April 1 is the official start to the blue crab harvest in Maryland. But don't reach for your mallet just yet.
"It's not time for crabs," said Jessica Borowski, a manager at Midtown BBQ and Brew. "It's too cold out."
The crabs seem to agree. The Chesapeake Bay's water temperature hasn't risen enough for the crabs to become active — and catchable.
Consumers set on Maryland crabs will see limited availability for now — and prices to match.
Prices for Chesapeake Bay crabs are typically high at the start of the season, and people who want them in April will have to pay even more than usual. But many consumers are just as happy eating hard-shell crabs from the Gulf Coast — where many local crab houses get their supplies throughout the year — and won't see a price fluctuation.
For now, from Turkey Point to Tangier Sound, the beautiful swimmer, Callinectes sapidus, isn't swimming. Instead of moving to shallower waters where crabbers can catch them, they're staying warm deep in their muddy homes. This year temperatures in the bay for late March were slightly below the historic average for the month — but not dramatically so. It only seems that way compared to last year, when average March water temperatures were unusually high.
"I think we can expect a slow start," to the season, said Brenda Davis, blue crab program manager for the Maryland Department of Natural Resources' Fisheries Division. "The cold temperatures are likely to keep early catches low. Until the water warms up, crabs are not very catchable."
Glen Frost, who works with watermen for his Maryland Crabs Delivered service, agreed with that prediction. "Last year on opening day we had 50 bushels of crabs," he said. "This year, I think they'll [catch] hardly anything."
The water needs to be about 54 degrees before the male crabs start moving, said Steve Vilnit of the Maryland Department of Natural Resources' Fisheries Service. "Historically, the hard crab catch remains fairly low in Maryland until the water reaches approximately 58 degrees," Vilnit said. "At that point the harvest picks up dramatically."
Crab-watchers are awaiting the release, later this month, of the annual winter dredge survey, which has been conducted jointly by the DNR and the Virginia Institute of Marine Science since 1990. The survey reveals the number of crabs living in the bay and is a the key piece of data used when deciding whether to ease or tighten catch restrictions.
But the numbers in the dredge survey don't necessarily predict the crab harvest — which ends in December — and is subject to myriad environmental and economic influences. A major storm, for instance, could send the crab population helter-skelter. And just because it's cold now doesn't mean crab populations won't be plentiful later in the season.
Stakeholders including environmentalists, watermen and wholesalers aren't predicting anything beyond a sluggish start to the season.

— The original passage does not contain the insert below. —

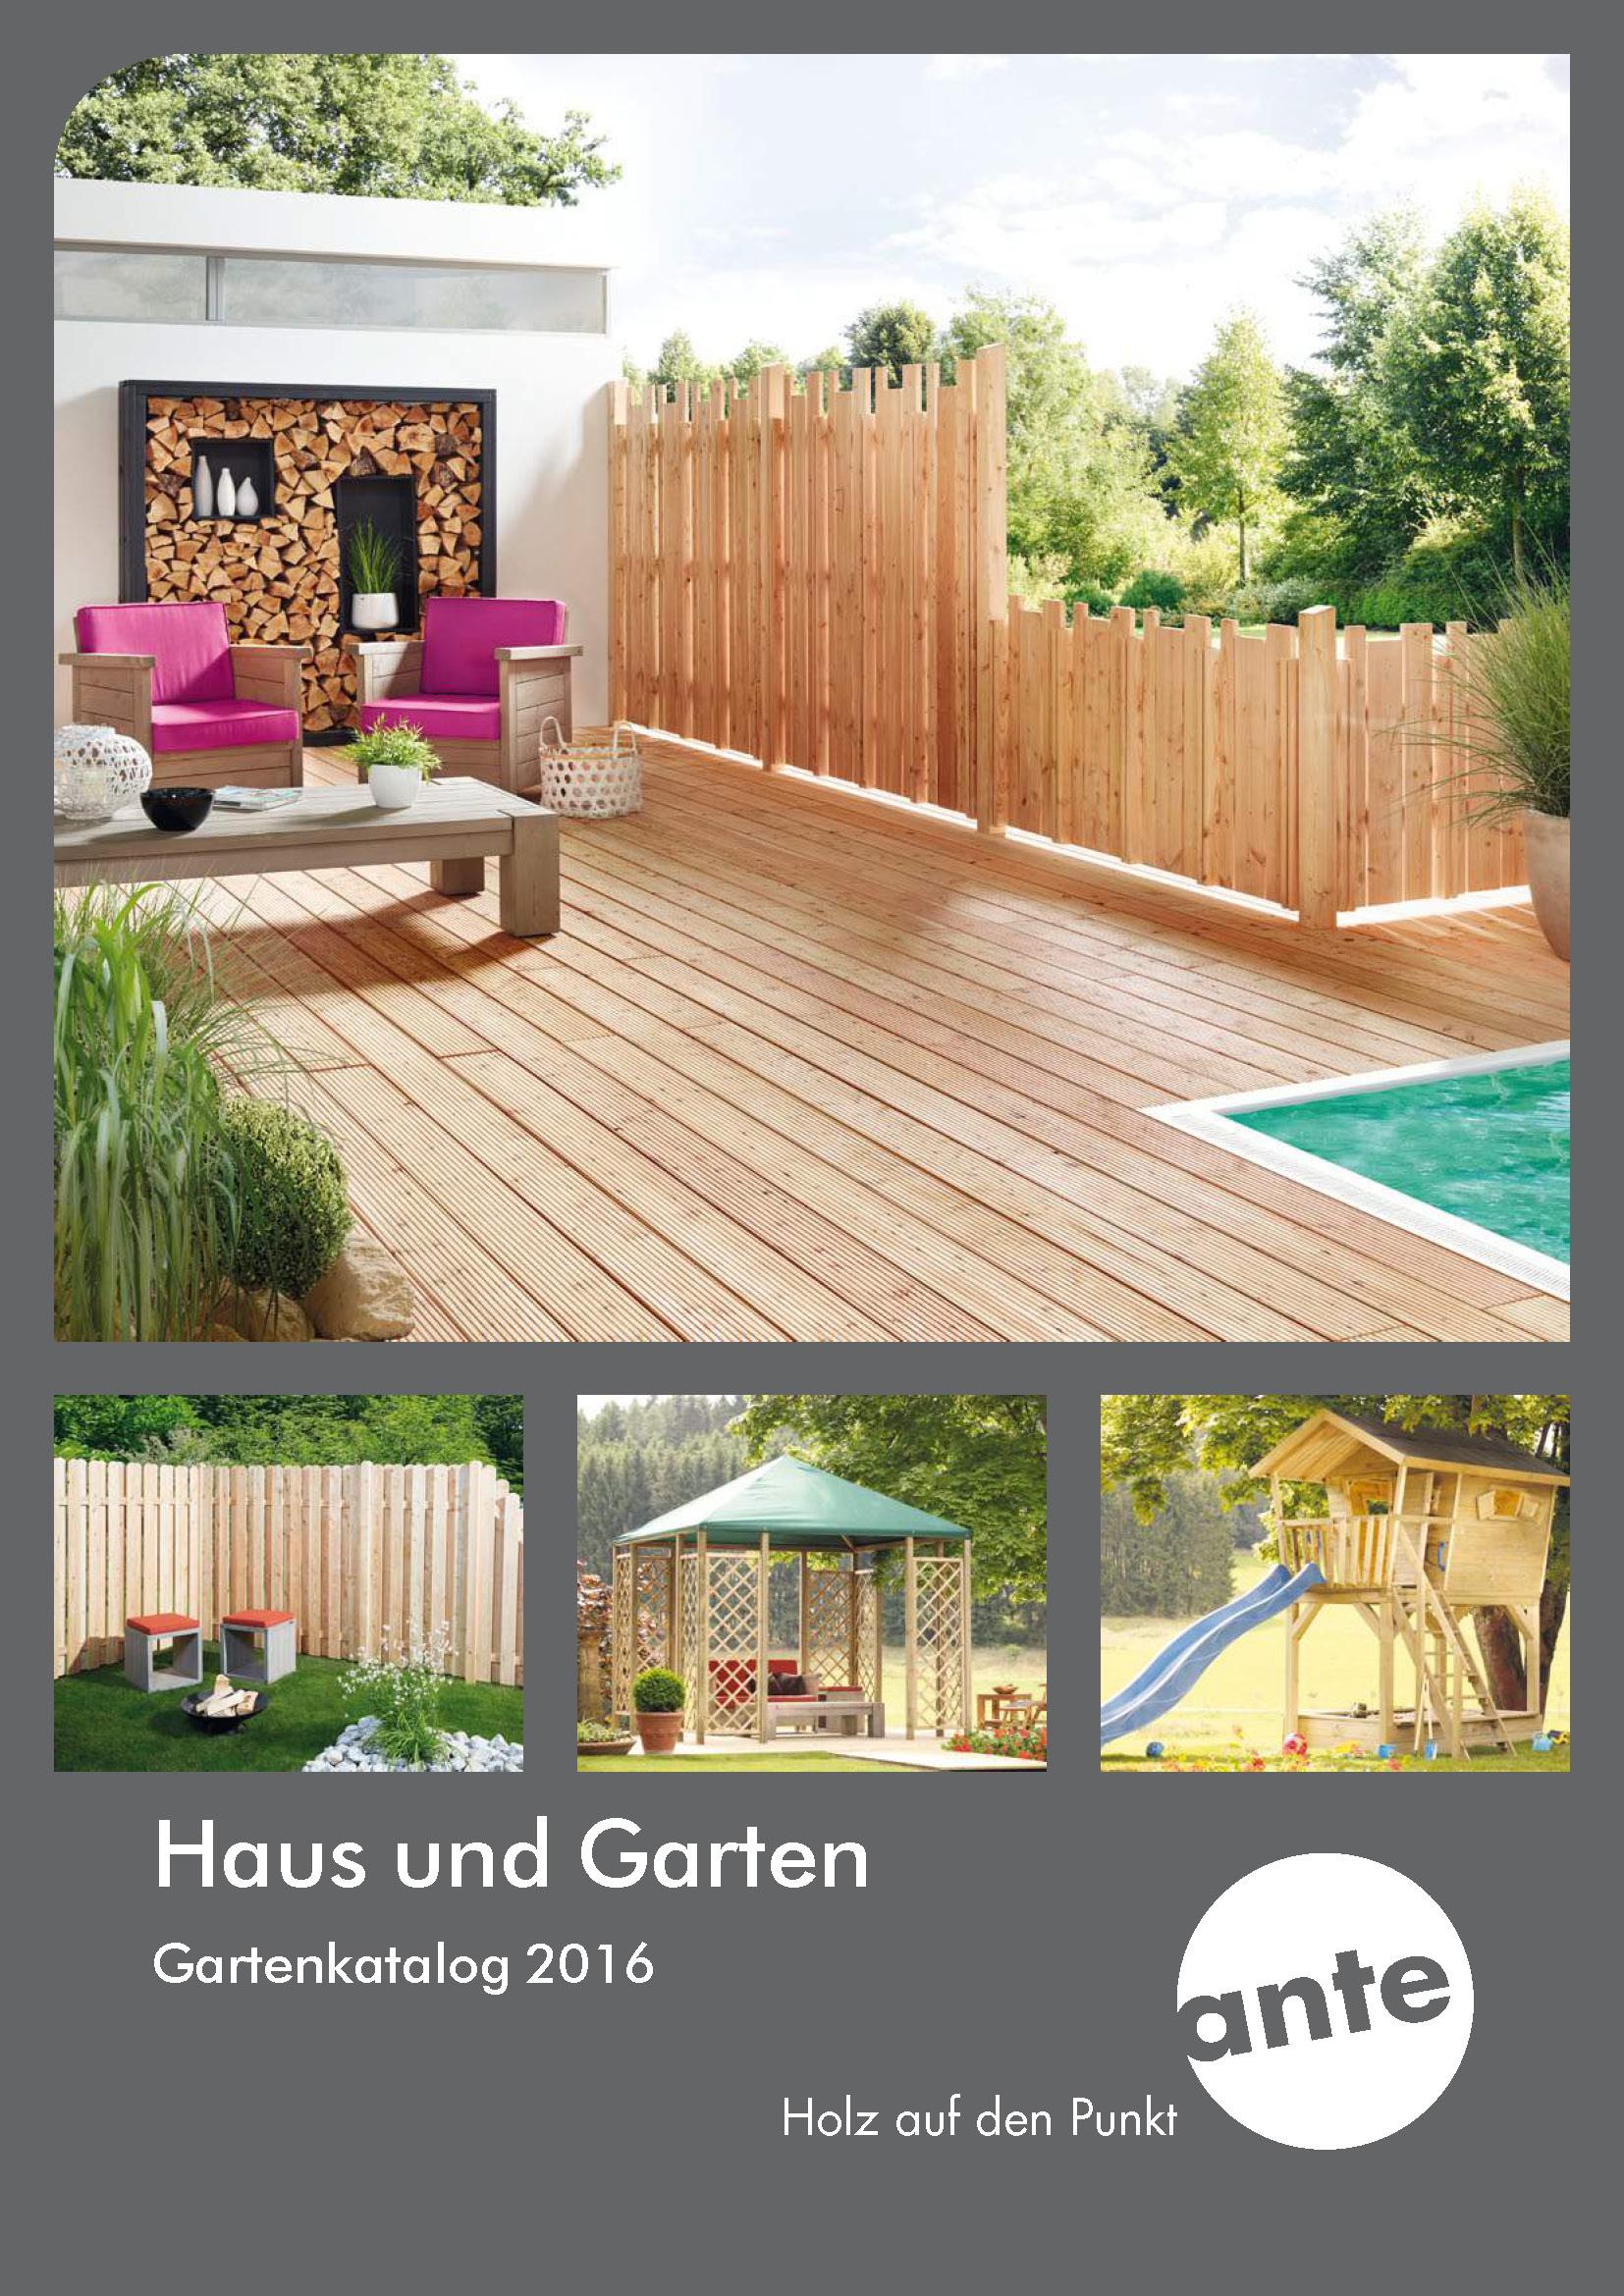 gartenhaus ger tehaus pavillon mainz bad kreuznach bingen. Black Bedroom Furniture Sets. Home Design Ideas

"You just go about your work. You get your crab pot rigged up and your boat rigged up," said Mark Kitching, a Smith Island crabber who sits on the board of the Maryland Watermen's Association. "You really don't look at the reports. You prepare for the next year and pray for the best. If you went to Vegas and bet on [the harvest], you'd go broke."
The most recent survey, for 2012, estimated the total number of crabs living in the Chesapeake Bay at 764 million, the highest number since 1993. Although the survey's numbers have risen steadily since the late 1990s, they can still fluctuate wildly. They fell from 674 million in 2010 to 461 million in 2011.
Randy Bielski, co-owner of Ocean Pride Seafood Restaurant in Timonium, wasn't so sure about the survey.
"We don't get much out of that," he said. "I wouldn't guess how the summer's going to be. I can get 100 bushels today and zero tomorrow. You just never know."
But many diners might not notice a later start to crab season. Crab cakes, along with other crab dishes, have long been considered year-round eating in the Chesapeake region.
So regardless of whether Maryland crab is in short supply, most crab cakes will still be made with crab meat from the Gulf of Mexico, which has a similar flavor profile as the Chesapeake Bay crab. Others will be made with Indonesian crab meat that — while lumpy — pales, literally, in comparison to the crab meat from Maryland, which is distinguished by its fatty yellow markings.
And not all crab-feasters are bound to the tradition of eating hard-shell crabs only when the weather is almost as steaming as the water in the crab pots.
"People want crabs year-round," said Arthur Piera, a co-owner of Mike's, a popular crab house overlooking Annapolis' South River. Piera, who gets crabs from Florida and Texas during the winter, said that Mike's keeps its crab prices steady from season to season — $45 for a dozen medium, $65 for large — regardless of the prices it pays for them.